### [TASK INSTRUCTIONS]
Copy task. Retype the whole listing exactly, omitting any picture in it.

[PROVIDED MATERIAL Boundary: Start]

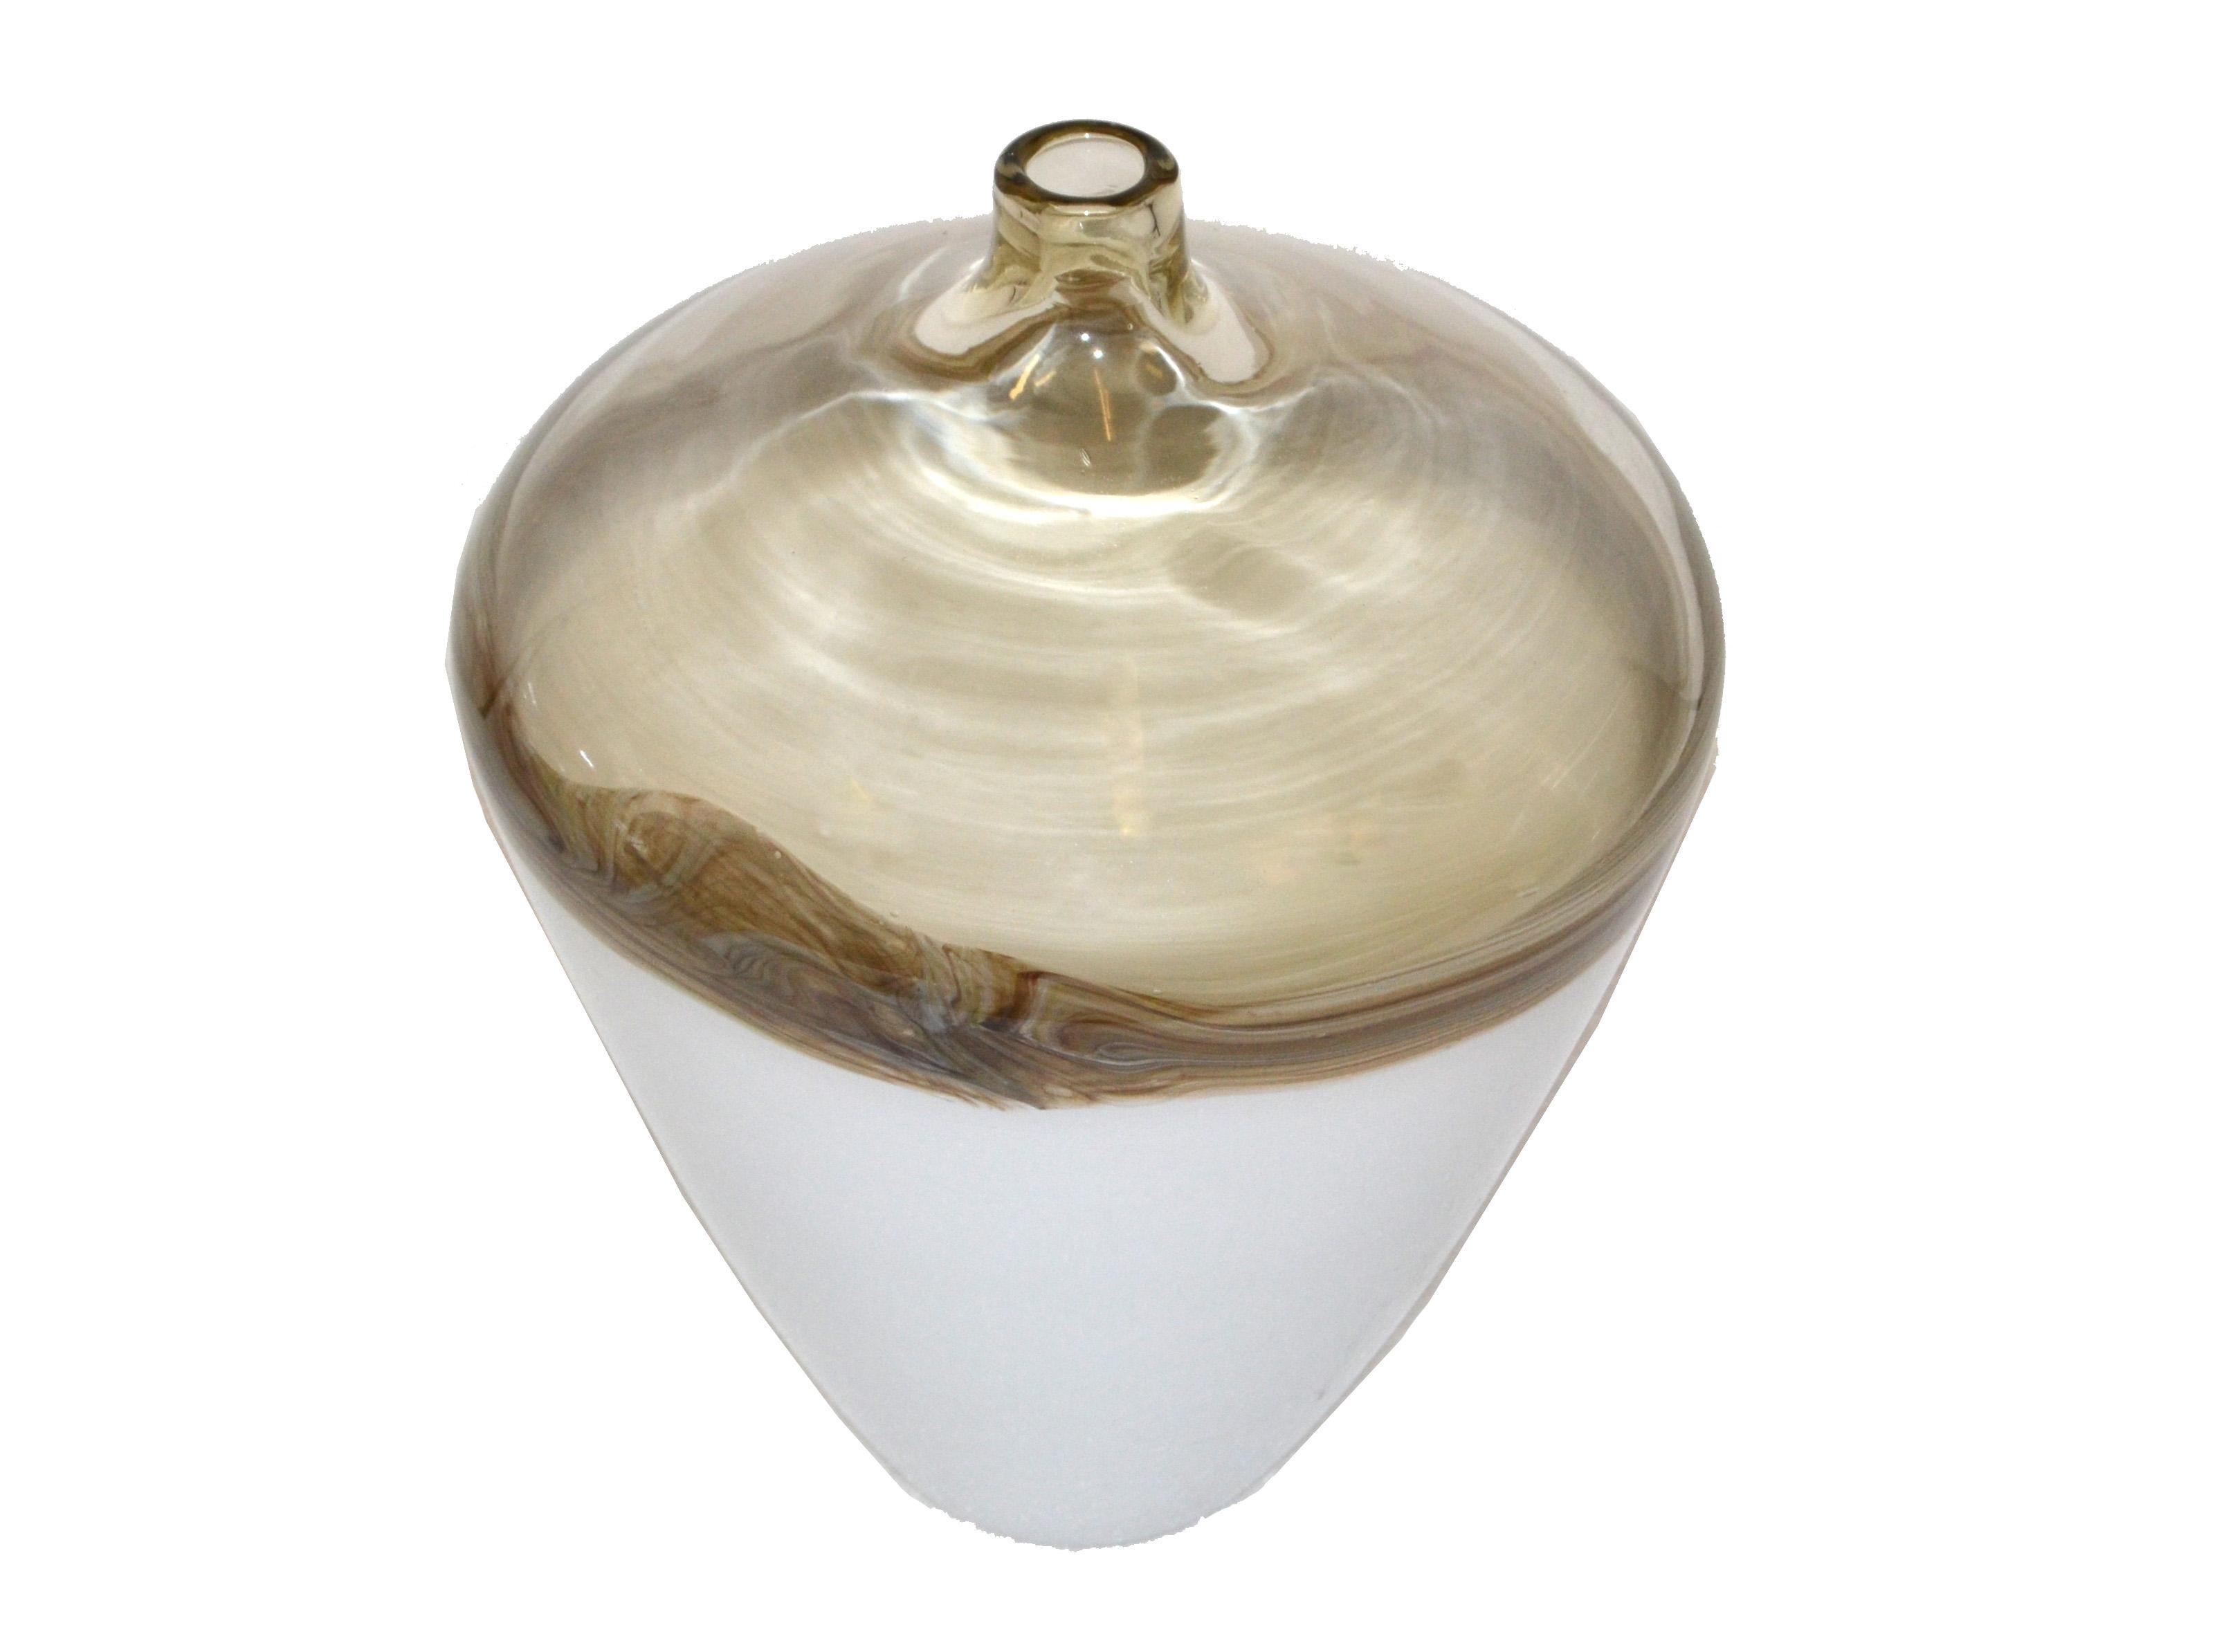 Stunning accent table vase shaped as an urn in white Opaline glass with beige and brown Murano art glass, manufactured in Italy in 1979.
The Core is made in white opaline glass and lined with stripes of beige, brown and white on the top. 
Unique
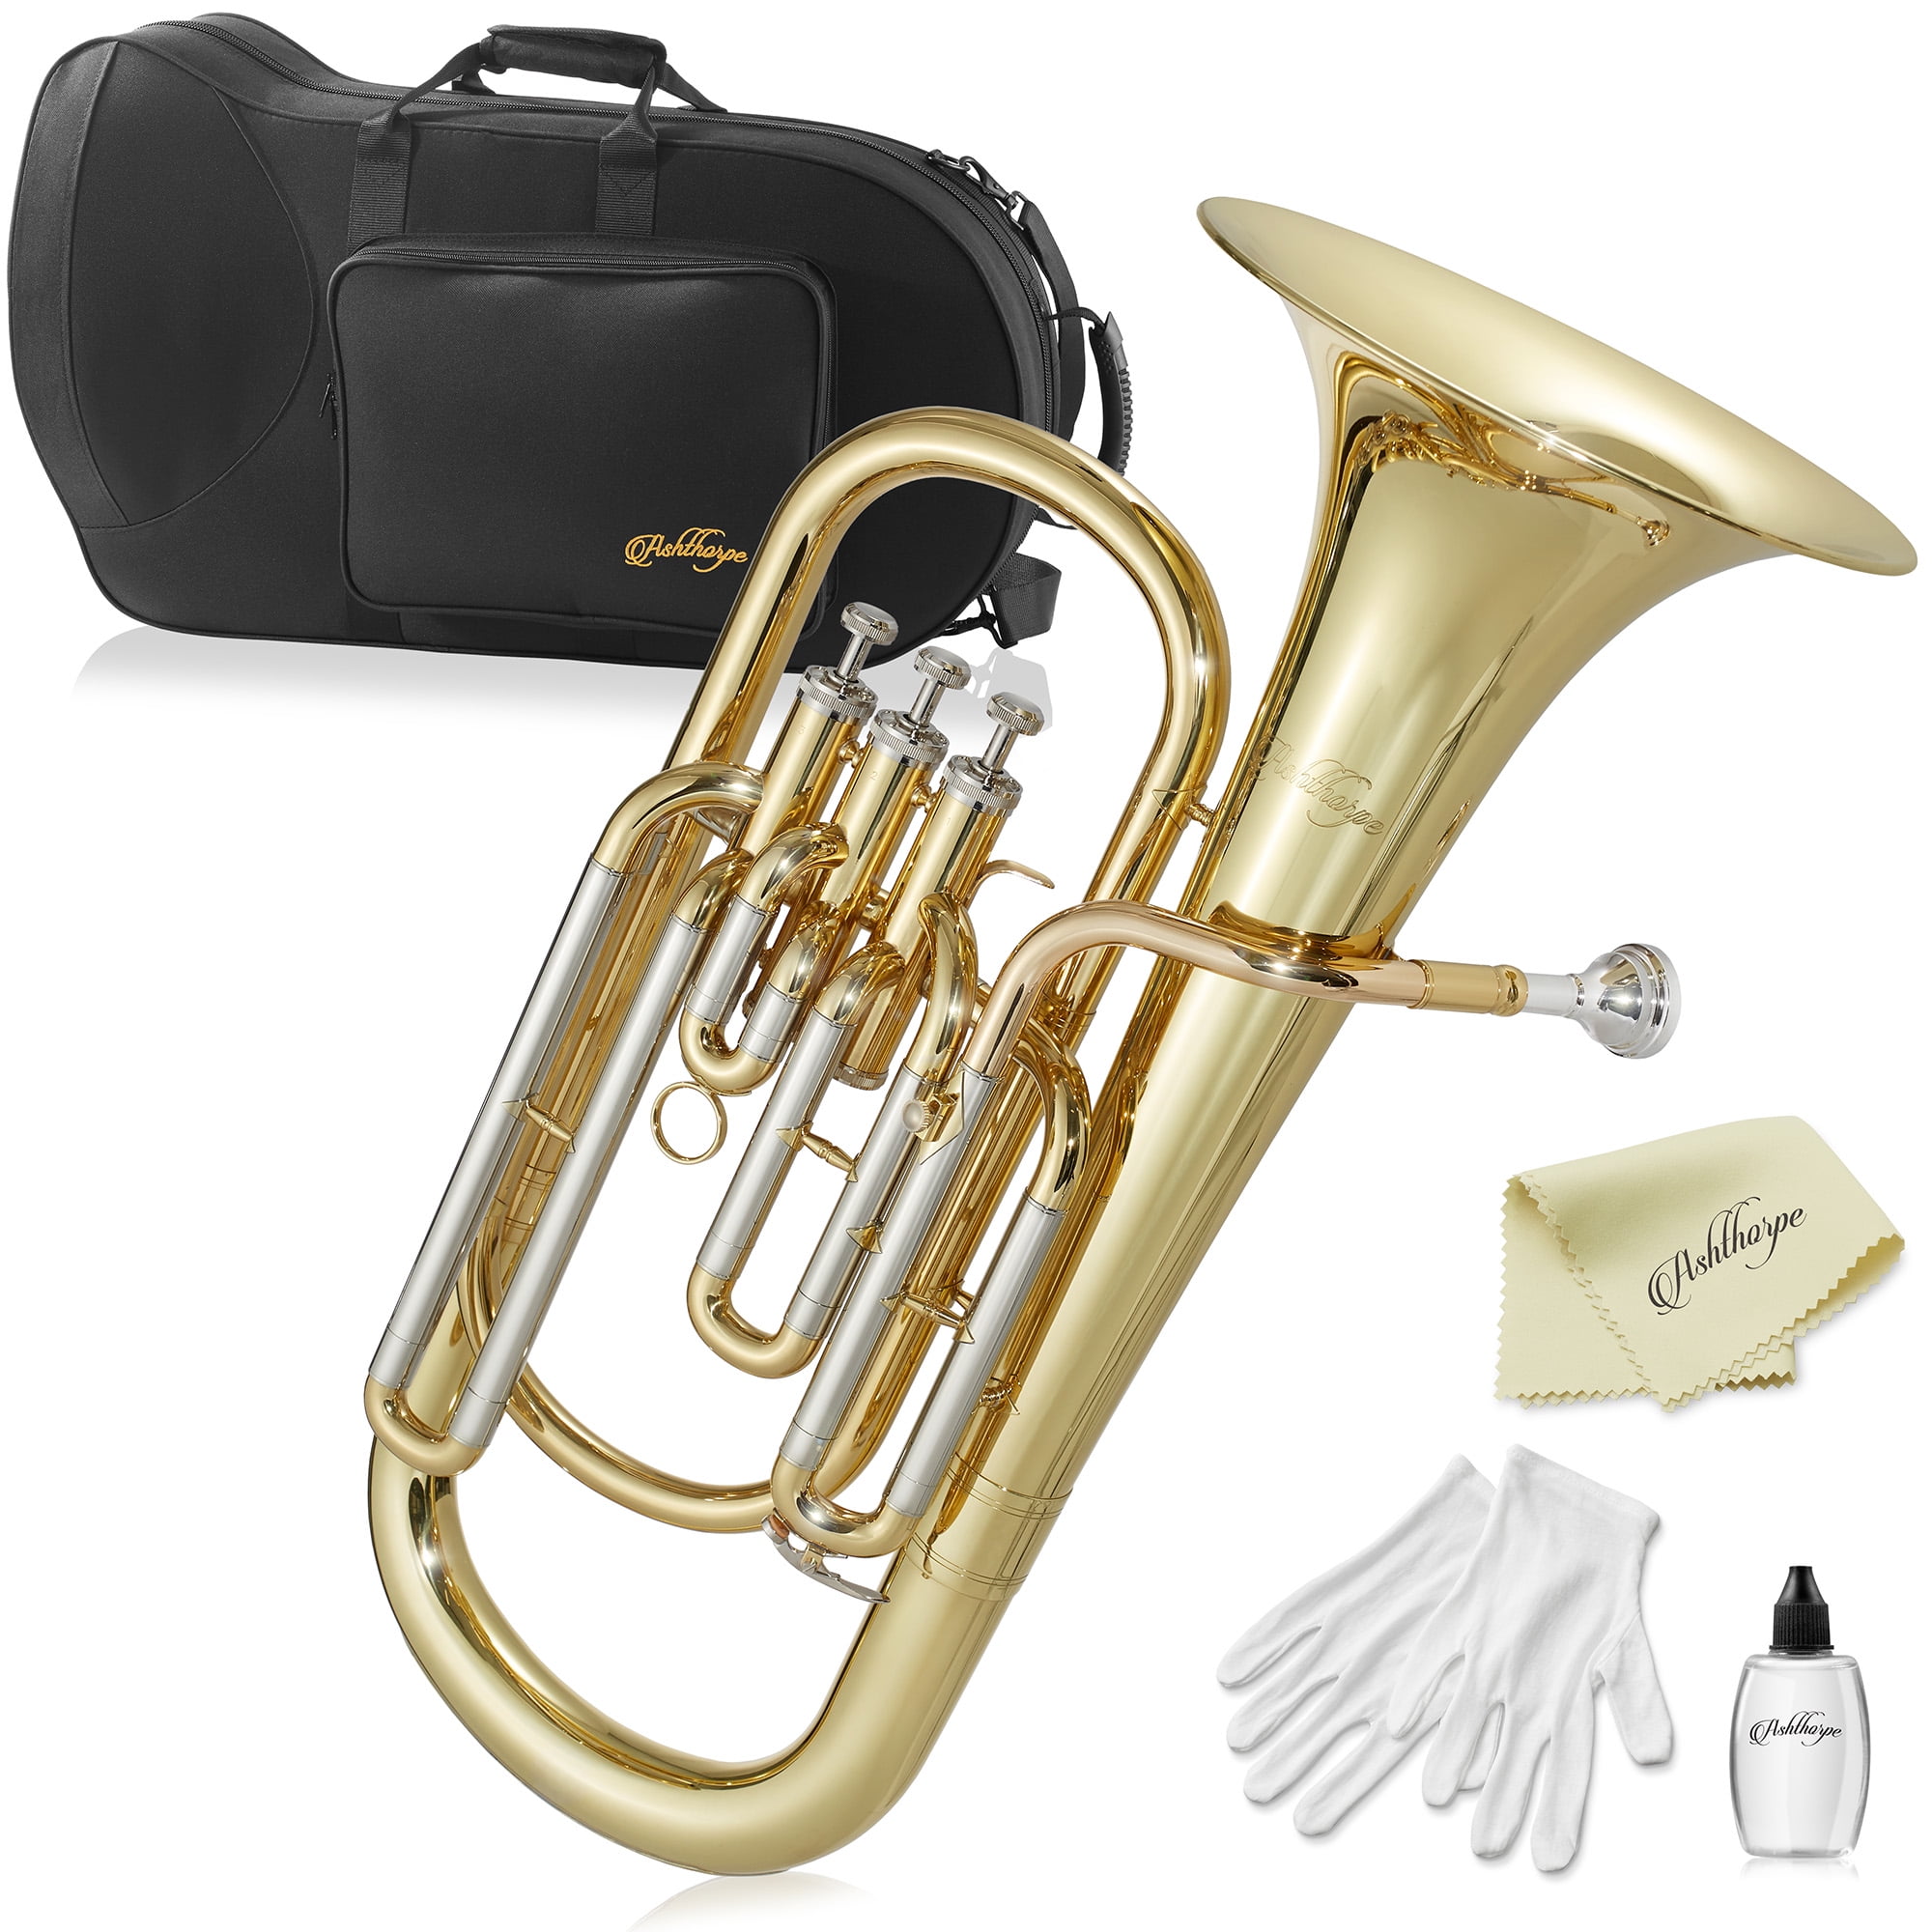 Advanced Monel Pistons Bb Baritone Horn w/Case and Mouthpiece-Nickel Plated Finish

[PROVIDED MATERIAL Boundary: End]

### [REPLY]
 Stunning accent table vase shaped as an urn in white Opaline glass with beige and brown Murano art glass, manufactured in Italy in 1979.
The Core is made in white opaline glass and lined with stripes of beige, brown and white on the top. 
Unique
 Advanced Monel Pistons Bb Baritone Horn w/Case and Mouthpiece-Nickel Plated Finish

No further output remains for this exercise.